Canadian politician (1959–2025)

Anne Marie Gail Shea ( Doucette; April 6, 1959 – August 21, 2025) was a Canadian politician who served as the Member of Parliament for Egmont from 2008 to 2015. She had previously been a member of the Legislative Assembly of Prince Edward Island from 2000 to 2007, representing the electoral district of Tignish-DeBlois as a member of the Progressive Conservative Party.
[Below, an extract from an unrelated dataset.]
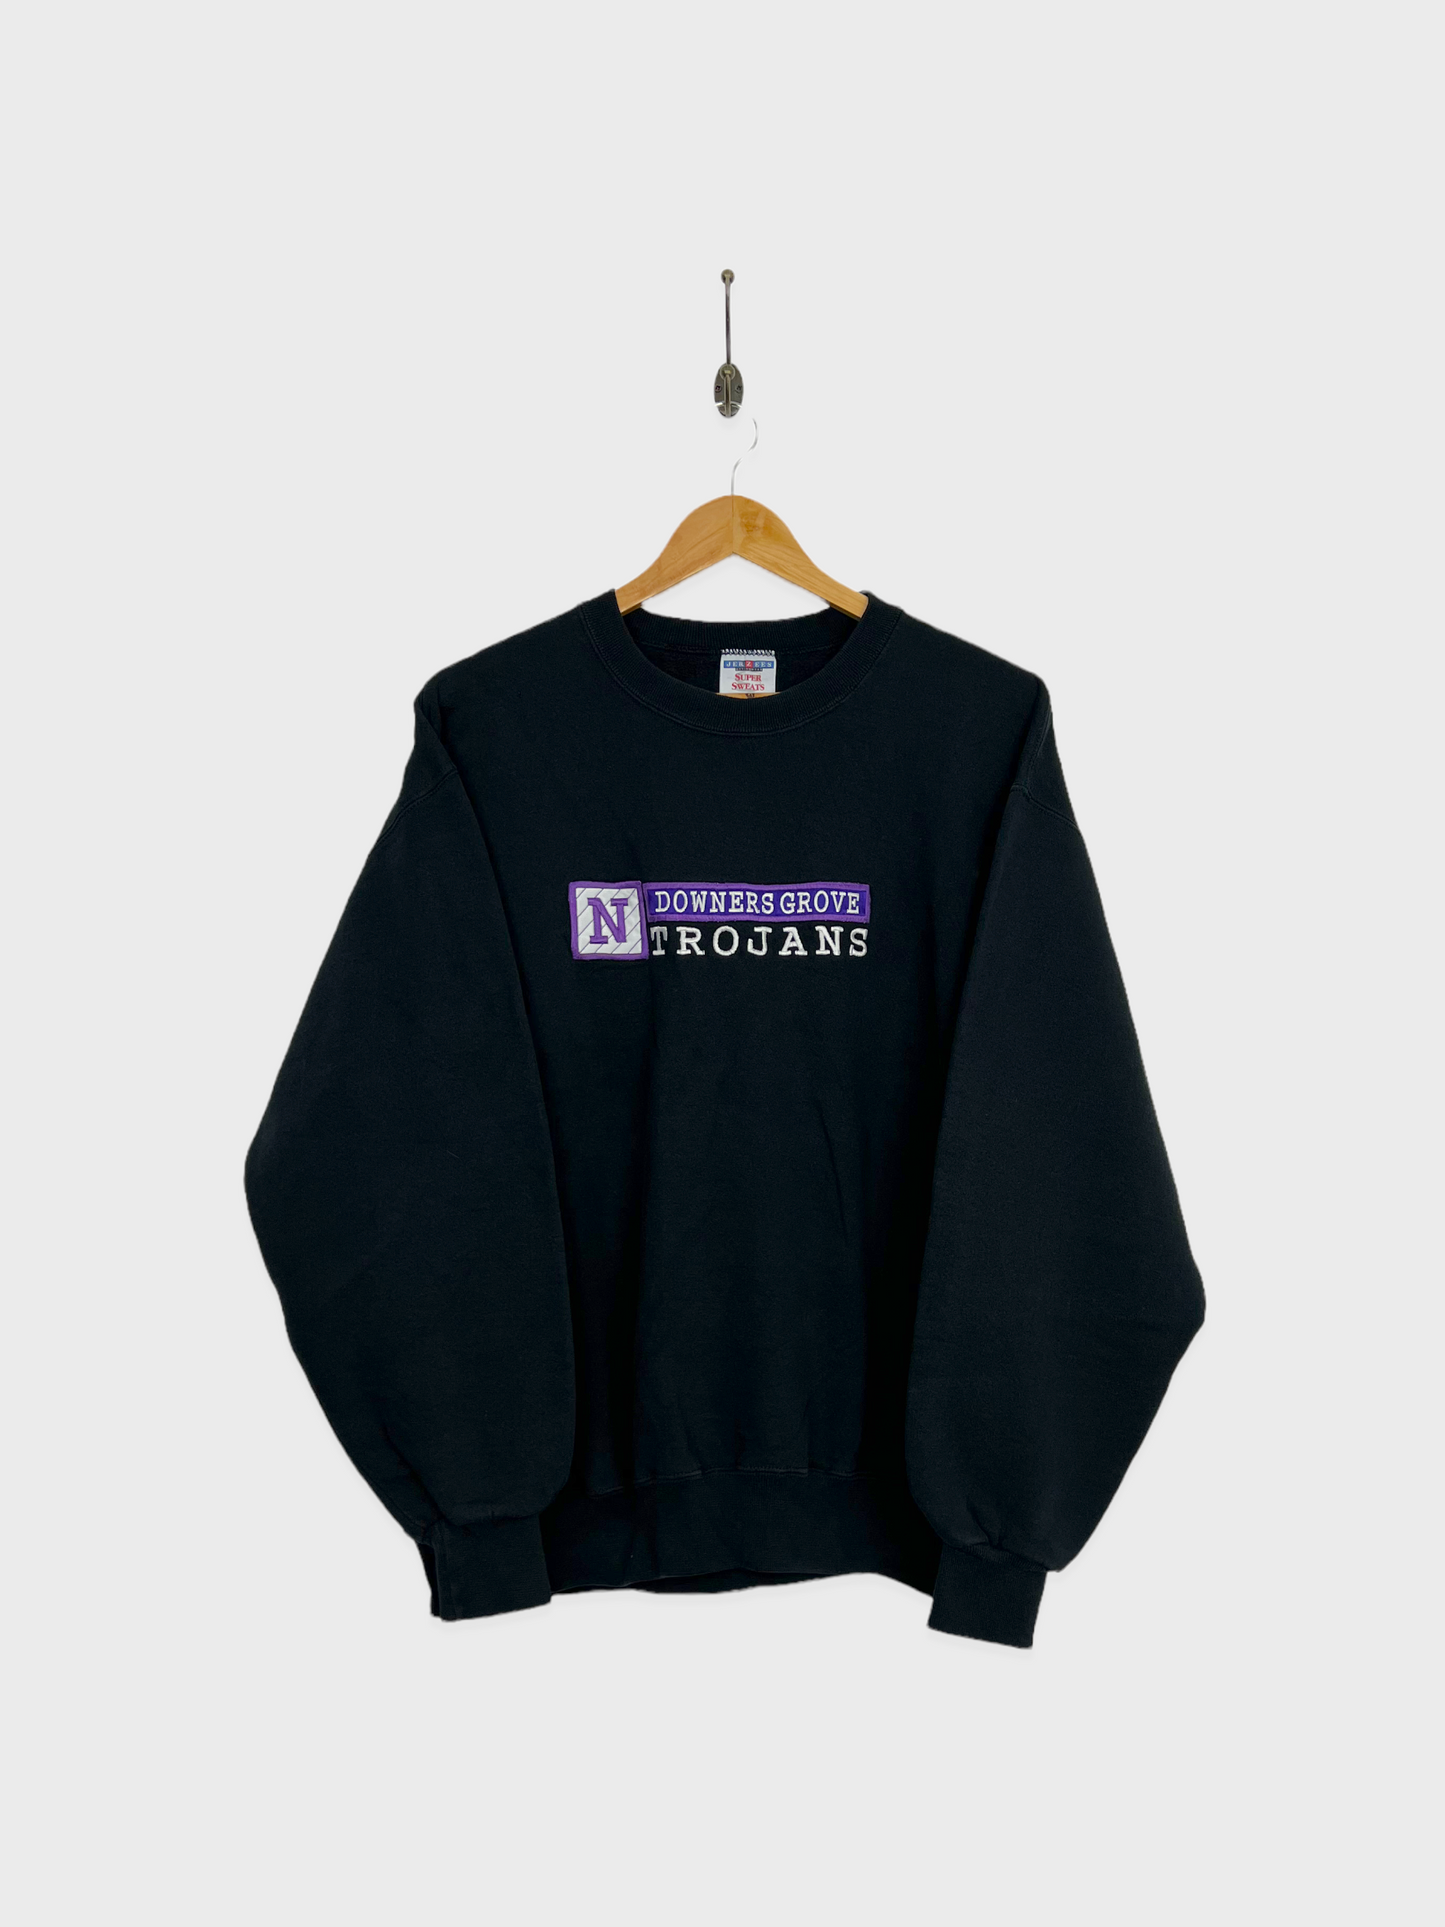 90's Downers Grove Trojans USA Made Embroidered Vintage Sweatshirt Size 10-12

Shea served as the Minister of Fisheries and Oceans in the federal cabinet.

==Provincial politics==
===Minister of Community and Cultural Affairs===
Shea served as Minister of Community and Cultural Affairs from 2000 to 2003, under the second administration of Premier Pat Binns. During this period Shea's responsibilities included the Status of Women in the province, as well as providing oversight on the Workers Compensation Board and the Island Waste Management Corporation.
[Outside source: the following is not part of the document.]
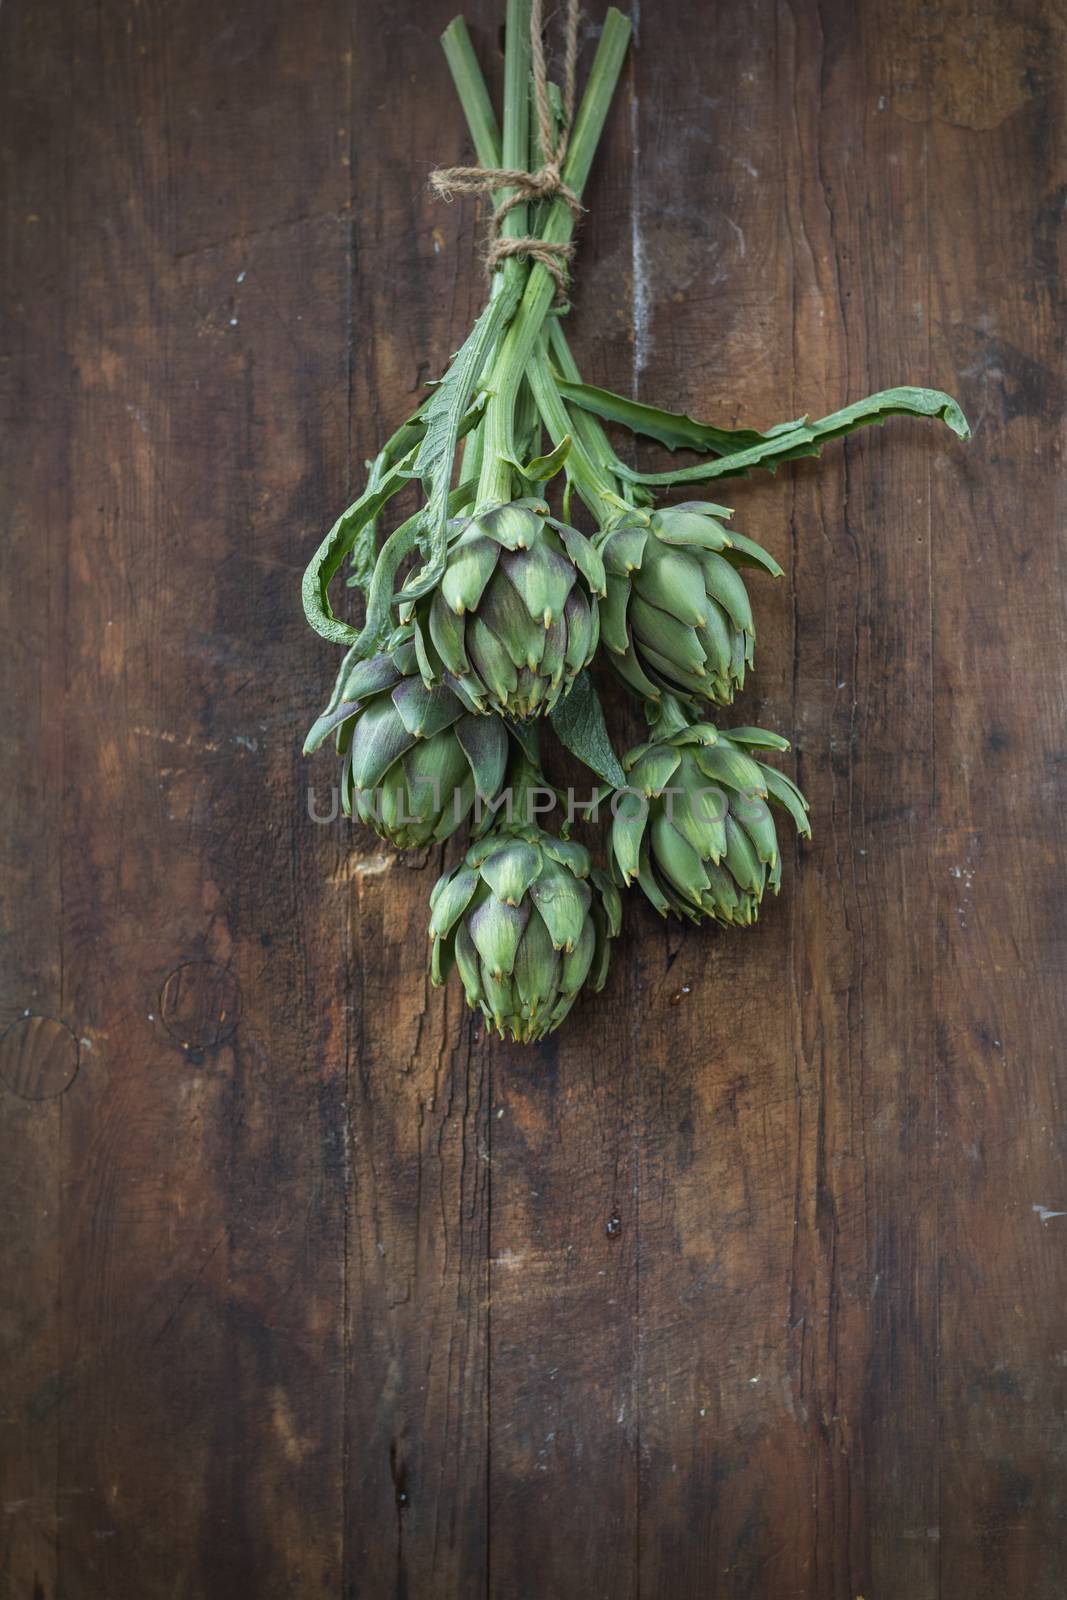 Supplies and materials for artichoke bouquet on wooden background.

===Minister of Transportation and Public Works===
From 2003 to 2007 Shea served as Minister of Transportation and Public Works. In this position, Shea oversaw the implementation of a graduated licensing system in her home province.

==Federal politics==
Shea stood as the Conservative Party of Canada candidate in the riding of Egmont for the 2008 federal election. On October 14, 2008, she became the first non-Liberal MP from Prince Edward Island in 24 years. On October 30, 2008, Shea was appointed the federal Minister of Fisheries and Oceans. She is only the third female MP from Prince Edward Island, following Margaret Mary Macdonald and Catherine Callbeck.
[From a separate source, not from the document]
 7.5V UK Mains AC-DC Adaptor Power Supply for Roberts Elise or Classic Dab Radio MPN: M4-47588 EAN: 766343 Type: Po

In the 2011 federal election, Shea was re-elected by a margin of 4500 votes. On May 18, 2011, she was appointed Minister of National Revenue. In July 2013, Shea was moved back into the fisheries position. In the 2015 election, Shea was defeated by Liberal Bobby Morrissey.

===Pie incident===
On January 25, 2010, Shea was pied while giving a speech at the Canada Centre for Inland Waters. An American PETA activist, Emily McCoy, was arrested in Burlington in connection with the incident, and charged with assault. PETA took public responsibility for the incident, saying that it was part of a broader campaign against the Canadian Government's support of the seal hunt.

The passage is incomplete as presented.